Phase 2: Hysteresis + Cooldown (3-4 days)

Goals: stabilize transitions. Tasks:

Implement entry/exit thresholds.
Add cooldown timers. Checkpoint: thrashing trace produces stable behavior.

Phase 3: Command Gating (3-4 days)

Goals: enforce mode-based command rules. Tasks:

Add a small policy table.
Log rejection reasons. Checkpoint: unsafe commands are rejected with reason codes.

5.11 Key Implementation Decisions

Decision	Options	Recommendation	Rationale
Transition logic	table-driven / code	Table-driven	Easier to audit
Hysteresis	threshold gap / time delay	Both	Combats noise and delays
Command gating	rules engine / hard-coded	Rules engine	Auditability

6. Testing Strategy

6.1 Test Categories

Category	Purpose	Examples
Unit Tests	Trigger evaluation	low_soc, high_temp
Integration Tests	Full trace playback	nominal.json
Edge Case Tests	Thrashing	jittery SoC trace

6.2 Critical Test Cases

LOW_SOC entry: SoC drops below threshold -> SAFE.
Recovery: SoC rises above exit threshold -> NOMINAL.
Conflict: high temp + low SoC -> SAFE with high-temp reason.

6.3 Test Data

{"t":100,"soc":0.29,"temp":30,"eclipse":true}

7. Common Pitfalls & Debugging

7.1 Frequent Mistakes

Pitfall	Symptom	Solution
No hysteresis	Rapid mode flips	Add entry/exit thresholds
Missing reason codes	Operators confused	Log reason codes
Stale telemetry	Wrong transitions	Reject stale samples

7.2 Debugging Strategies

Replay traces: deterministic playback reveals transitions.
Event logs: compare logs against expected timeline.

7.3 Performance Traps

None; logic is O(1). Focus on correctness.
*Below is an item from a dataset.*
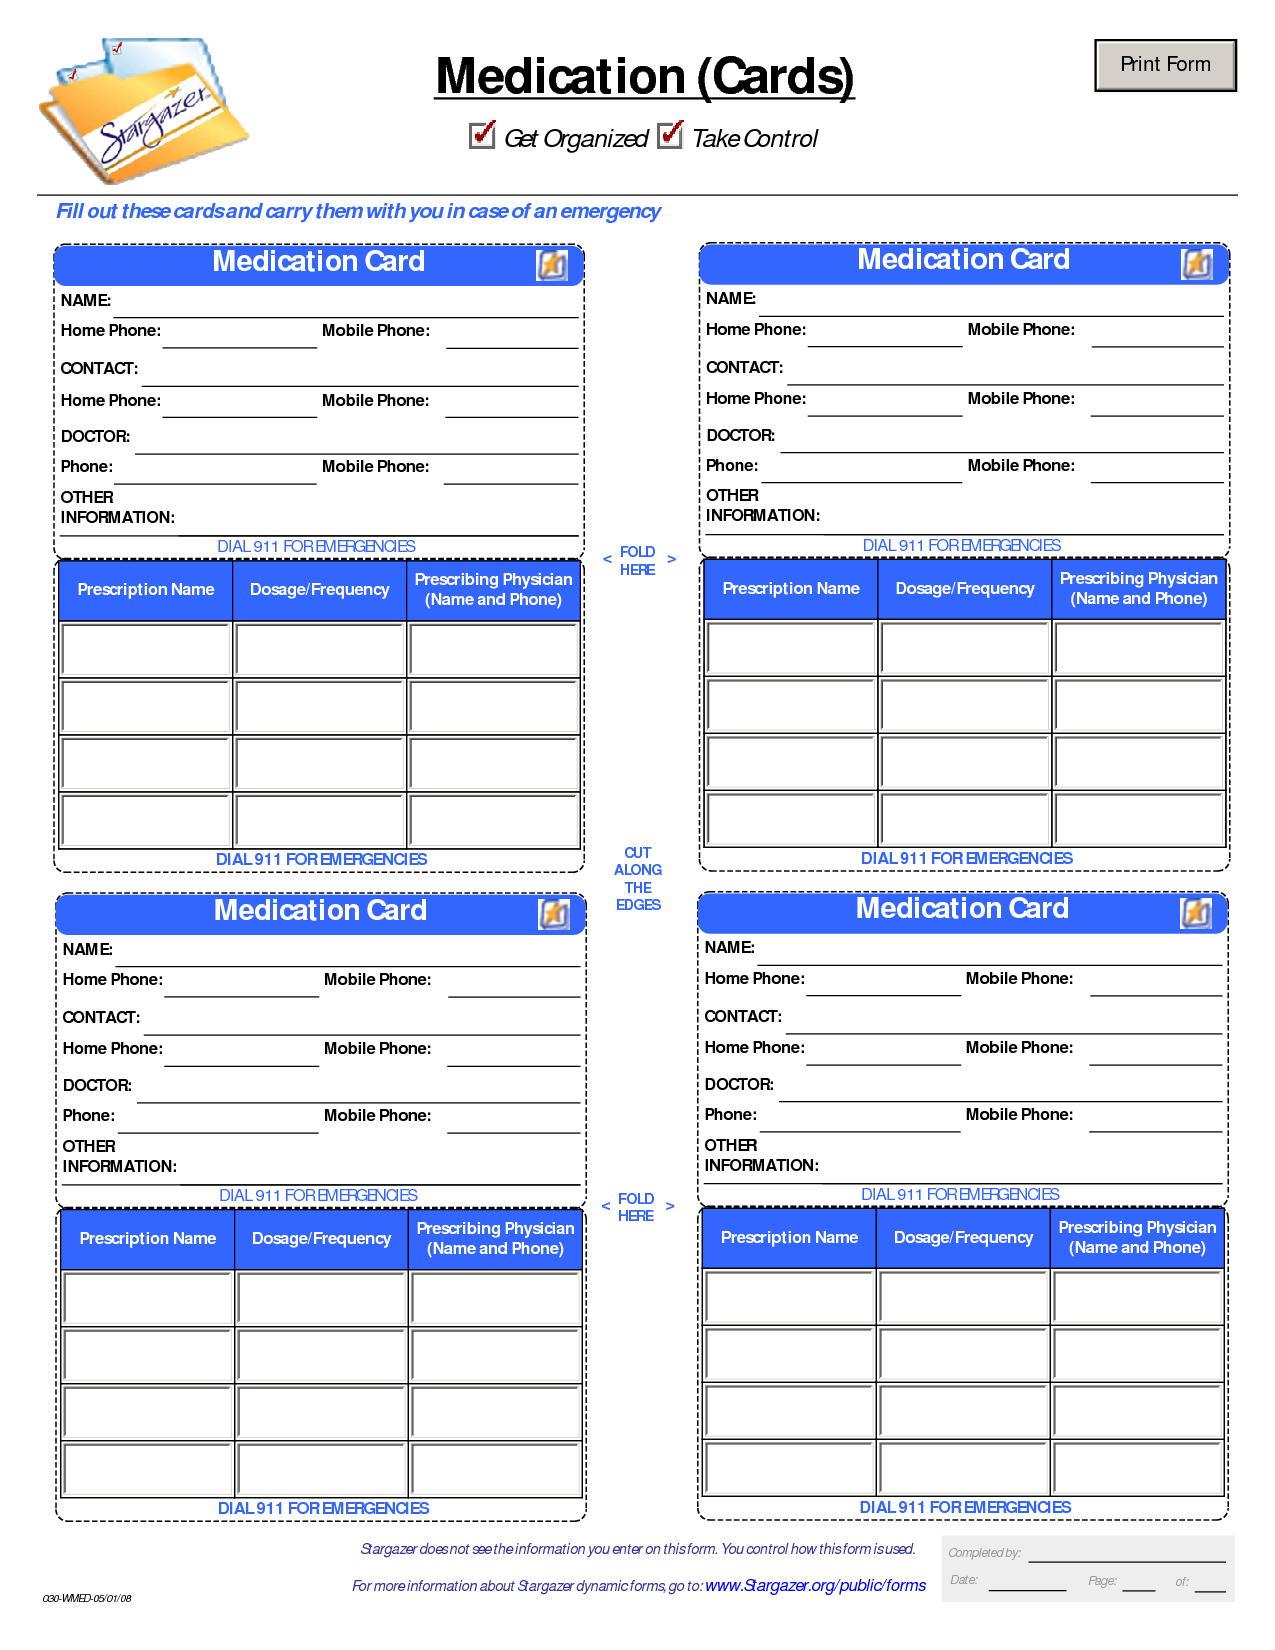 Patient Medication Card Template | Medication List, Medical Inside Med Card Template

8. Extensions & Challenges

8.1 Beginner Extensions

Add a CONFIG file for thresholds.

8.2 Intermediate Extensions

Add a fourth mode (COMMS) with its own gating rules.

8.3 Advanced Extensions

Persist state and timers across simulated reboot.

9. Real-World Connections

9.1 Industry Applications

Flight software mode managers in CubeSat missions.
Autonomous mode logic in deep-space probes.
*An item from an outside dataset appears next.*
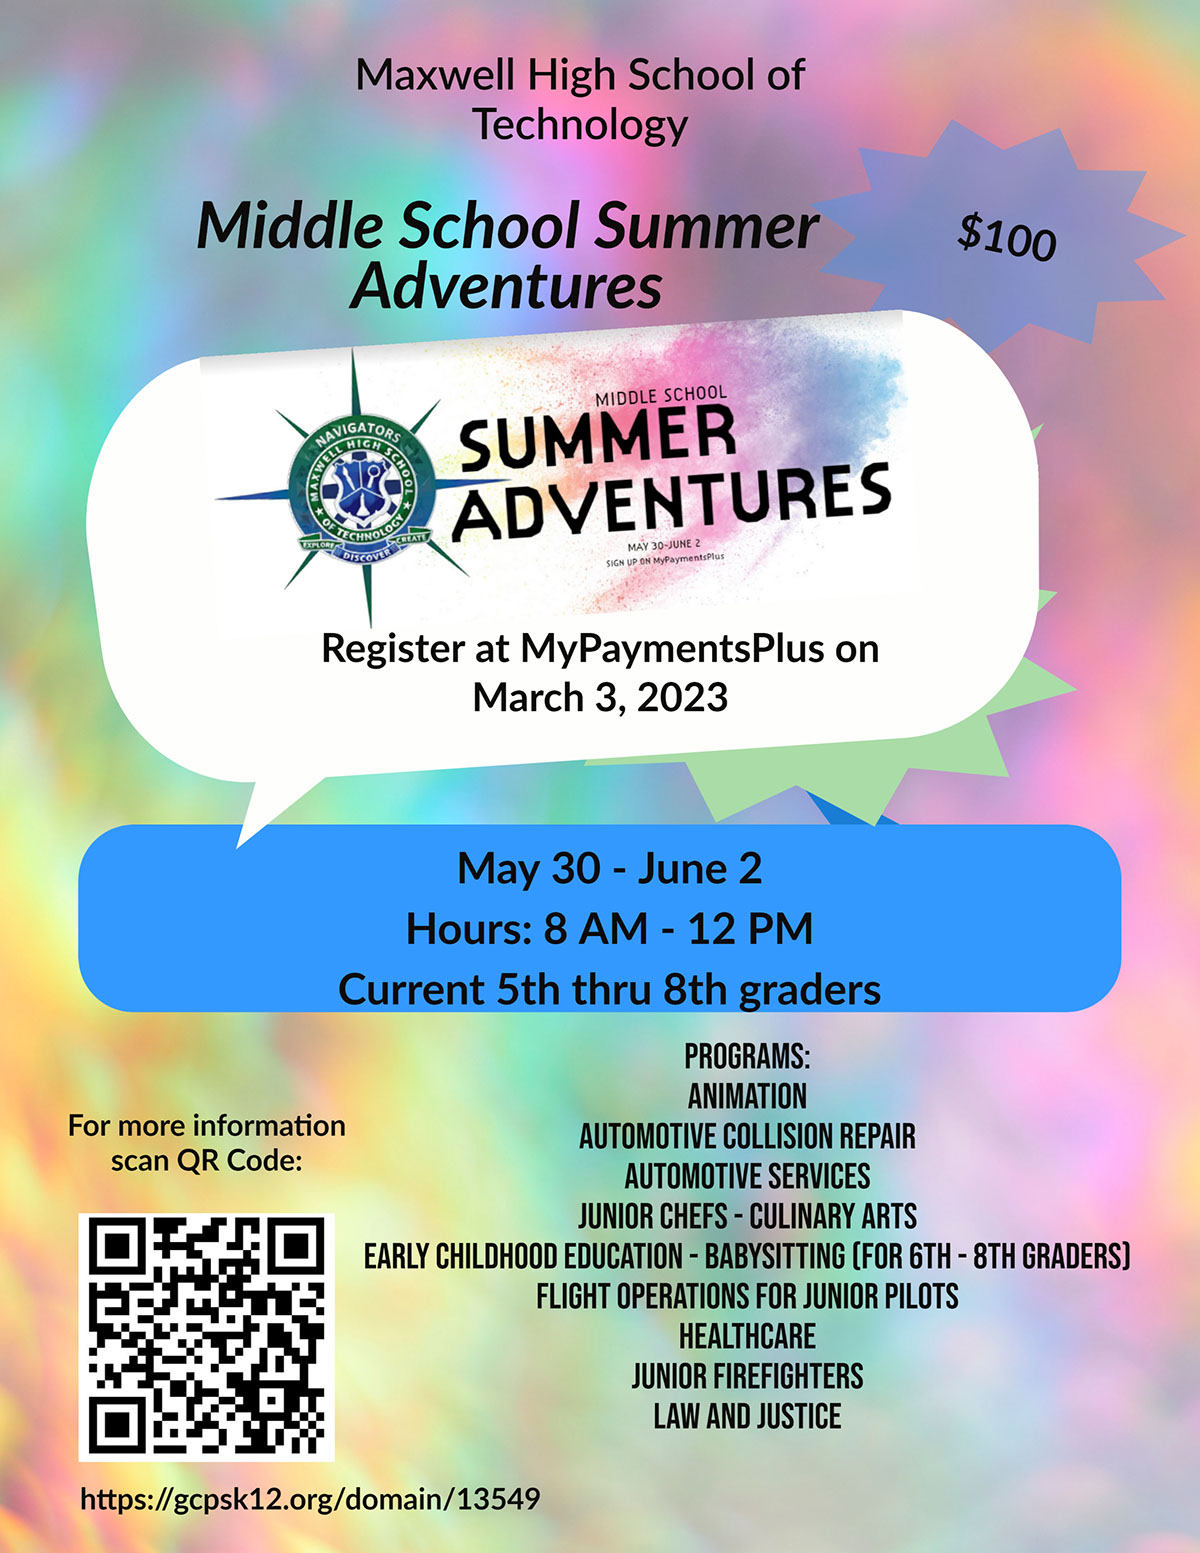 Middle School Summer Adventures Middle School Summer Adventures $100 Maxwell High School of Technology May 30 - June 2 Hours: 8 AM - 12 PM Current 5th thru 8th graders Register at MyPaymentsPlus on March 3, 2023 https://gcpsk12.org/domain/13549 Programs: Animation Automotive Collision Repair Automotive Services Junior Chefs - Culinary Arts Early Childhood Education - Babysitting (for 6th - 8th graders) Flight Operations for Junior Pilots Healthcare Junior Firefighters Law and Justice For more information scan QR Code:

NASA cFS: mode management and command gating.
OpenSatKit: operational command frameworks.

9.3 Interview Relevance

State machine design and safety gating are common systems interview topics.

10. Resources

10.1 Essential Reading

NASA GSFC-HDBK-8007 - fault management strategies.
Space Mission Engineering - operations and mode design.

10.2 Video Resources

Mission operations talks (CubeSat conferences).

10.3 Tools & Documentation

Graphviz: render state machine diagrams.
jq: inspect telemetry traces.

P11-fdir-watchdog-the-dead-mans-switch.md - fault triggers.
P13-full-mission-simulator-the-digital-twin.md - integration.

11. Self-Assessment Checklist

11.1 Understanding

I can explain why hysteresis is critical for mode stability.
I can describe the safety invariants enforced by SAFE mode.
I can reason about command gating rules.

11.2 Implementation

Deterministic transitions on all traces.
Mode logs include reasons and timestamps.
Gating rejects unsafe commands.

11.3 Growth

I can explain this FSM to a mission operator.
I can propose an improvement to reduce false transitions.

12. Submission / Completion Criteria

Minimum Viable Completion:

Implement SAFE and NOMINAL with threshold logic.
Log transitions with reason codes.
Pass the golden trace test.

Full Completion:

Include SCIENCE mode and command gating.
Add cooldown/hysteresis to prevent thrashing.

Excellence (Going Above & Beyond):

Persist mode state across reboot and implement manual override safeguards.